The investment banking arm of Norway’s biggest bank has reported a much brighter economic outlook for the country than that described by politicians trying to oust the conservative government. DNB Markets believes the oil industry crisis is letting up, unemployment rates are declining and gross national product is on the rise.
The outlook is brighter than it’s been for several years, reports DNB Markets. That’s in sharp contrast to the gloomy outlook described by Labour Party leader Jonas Gahr Støre as he opened the party’s annual national meeting on Thursday. He gave the government no credit for leading Norway out of its worst economic setback in years, when oil prices collapsed in 2014, and complained that unemployment remains a major problem.
‘Returning to normal’
Not so, according to the economists at DNB, which ironically is led by a chief executive from the Labour Party itself, Rune Bjerke. DNB Markets believes the Norwegian economy is “returning to normal,” which amounts to robust by most international standards.
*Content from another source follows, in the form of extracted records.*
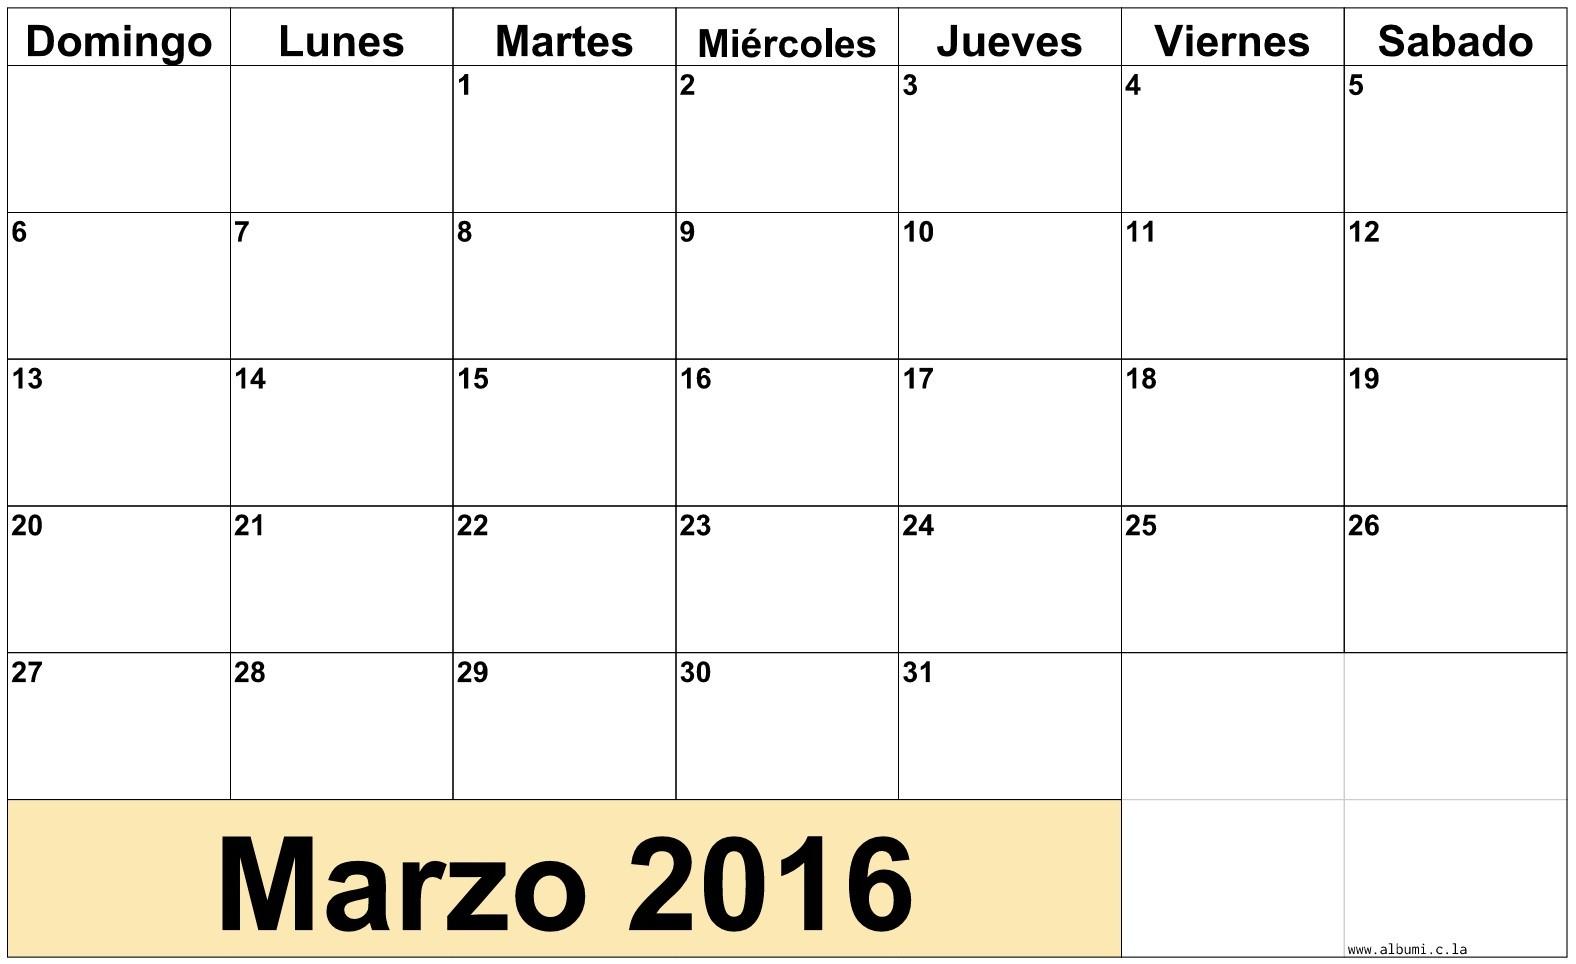 Calendario Mensual Março 2016 para imprimir gratis
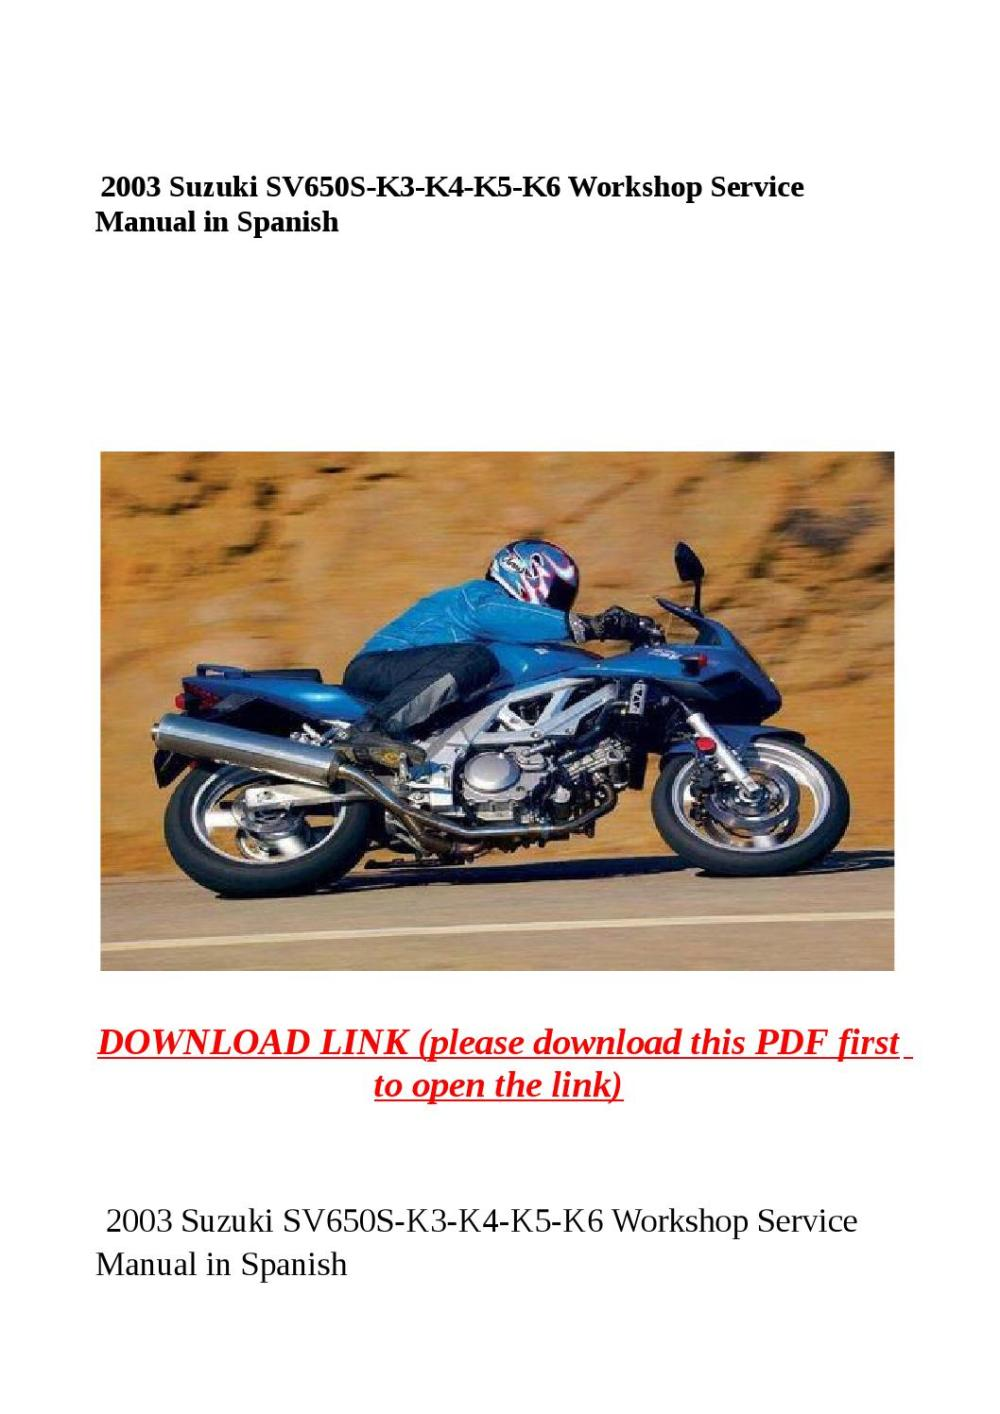 medium resolution of 2003 suzuki sv650s k3 k4 k5 k6 workshop service manual in spanish
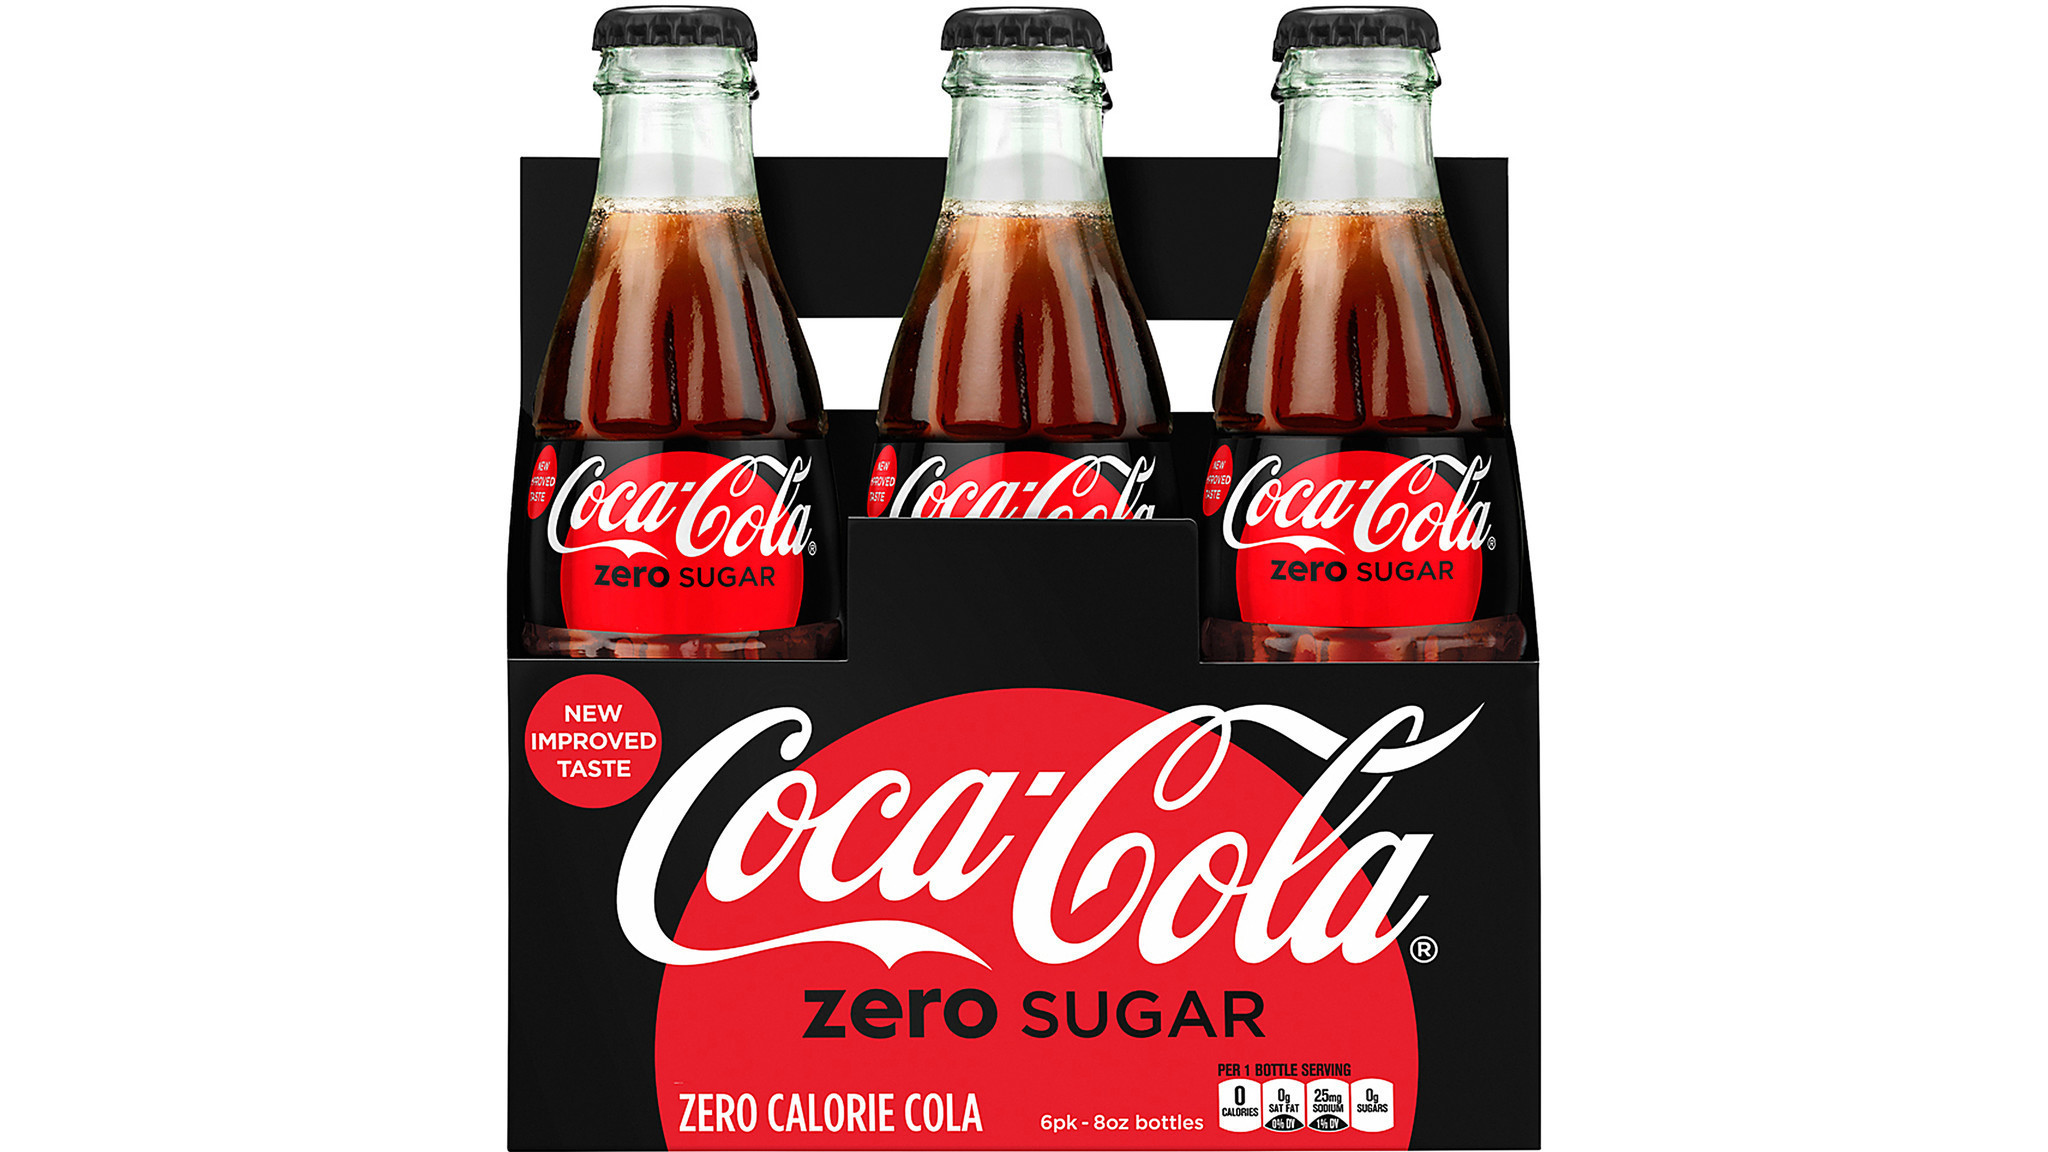 Coke Zero is vanishing. Instead we get Coca-Cola Zero Sugar, with a new recipe

“We expect that the brakes on the oil industry will disappear, while financial policy will become less expansive and homebuilding (currently in the midst of its biggest boom in more than 30 years) will slack off,” Kjersti Haugland, chief economist at DNB Markets, wrote in its latest quarterly report released Thursday.
“Inflation will decline further and the krone will gradually strengthen,” Haugland continued. “Optimism is on its way back.”
Latest optimistic prognosis
DNB’s analysis is in line with several other recent prognoses in recent months. There are clear signs of economic improvement in the areas that most often are leading indicators. DNB Markets predicts that Norway’s mainland GNP will grow by 1.6 percent year and 1.7 percent next year.
The DNB economists also predicted that the fall in oil investments will ease and hit bottom next year, and that oil prices will rise to around USD 65 a barrel this year and by another USD 5 next year.
DNB Markets also believes that unemploment has topped out and will continue to fall, to 4.4 percent this year and 4.2 next year.